Глава 14
Ровно неделю спустя телефон Броуди зазвонил снова. Он сидел в своем скромном кабинете, в камине плясало пламя, щекоча кучку поленьев. Эта комната буквально ломилась от шкафов с книгами всевозможных размеров и состояний. В углу пристроилось довольно древнее кресло с высокой спинкой, оставшееся от прежних хозяев (как и большая часть находившейся в доме мебели). В свое время это казалось самым простым выходом. Перед окном стоял старый деревянный стол — такой, который сверху обтянут зеленой кожей. На нем практически ничего не было, за исключением приличного слоя пыли и его мобильного телефона.
Тем вечером, в начале одиннадцатого его привычно пустой, безжизненный экран засветился, устройство мягко завибрировало на кожаной поверхности стола. Льюис поднял лежавшую на лапах морду, заметив, как Броуди встал, чтобы дотянуться до телефона, и улегся вновь, когда хозяин опять занял прежнее место, усевшись в кресло рядом с камином.
— Броуди? — произнесла она так, будто готовилась говорить сама с собой или просто находилась в пустом помещении.
— Я здесь.
До него донеслось, как Анна облегченно вздохнула:
— На это я и надеялась.
Он улыбнулся, удивляясь тому, как радостно ему было снова слышать ее голос.
Она вдохнула, задержала на секунду дыхание и заговорила:
— Я хочу задать вам вопрос. Я пробовала спрашивать других, но у меня есть подозрение, что они просто говорят мне то, что я, по их мнению, хочу услышать, вместо того чтобы ответить честно.
Он устроился в кресле поудобнее, разглядывая окна своего кабинета: от темноты глядевшей в них ночи казалось, будто кто-то снаружи выкрасил их в черный цвет.
— Валяйте.
— Вы верите в родственные души? Ну, то есть, что есть один человек на всю жизнь… навсегда?
Он ненадолго задумался:
— Не очень.
— Спасибо, — поблагодарила она. — Мне нужно было сначала услышать это от вас, прежде чем окончательно убедиться в собственном мнении. Каждый пытается рассказать мне, как совладать с горем, как я должна себя чувствовать, но из-за таких вот советов мне сложно понять, что же я сама думаю обо всем этом. О том, что для меня важно.
Он кивнул. Ох уж эти благонамеренные души… Этих он знал как облупленных.

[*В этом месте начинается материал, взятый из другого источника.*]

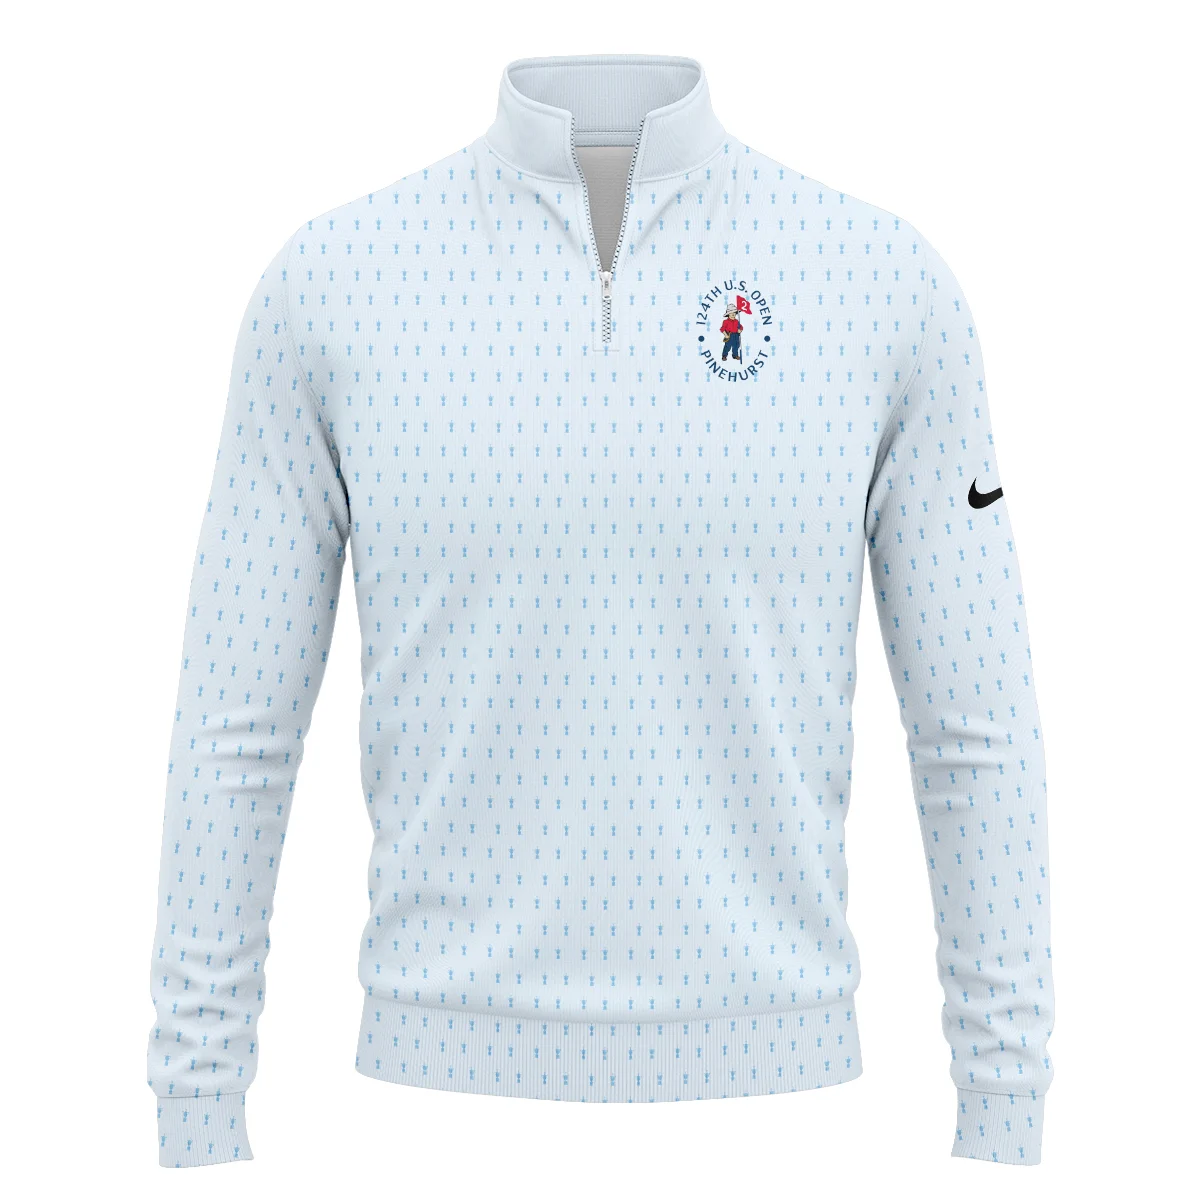 Golf Pattern Cup Light Blue Green 124th U.S. Open Pinehurst Nike Zipper Hoodie Shirt Style Classic Zipper Hoodie Shirt

— И что же вы думаете, Анна?
— Что Спенсер был моей родственной душой.
— Как вы это поняли? — в этом вопросе не было ничего похожего на осуждение или насмешку. Он искренне хотел услышать ее ответ.
— Просто поняла, — задумчиво ответила она. — С самой первой встречи.
— Вы влюбились с первого взгляда? — а вот теперь его голос прозвучал скептически.
— Если угодно. Хотя, тогда я не думала об этом в таком ключе. Я бы себе не позволила. То есть, это ведь глупо, верно? Так бывает только в сказках.
Броуди лишь хмыкнул, так и не дав вразумительного ответа. Это, впрочем, вполне красноречиво выражало его позицию.
— Я только его увидела, и мне показалось, будто я со всего размаху врезалась в кирпичную стену. Без преувеличения — у меня в прямом смысле закружилась голова, потом я начала задыхаться и у меня начало жечь ступни. Я пыталась вести себя как ни в чем не бывало, просто поздоровалась, но ничего не получалось, — она тихо рассмеялась. — Но то же случилось и с ним… Так я и поняла, что это оно. Что это он.
Броуди нахмурился:
— Кажется, речь идет лишь о физическом влечении.
Анна расхохоталась:
— Мне следовало догадаться, что вы циник.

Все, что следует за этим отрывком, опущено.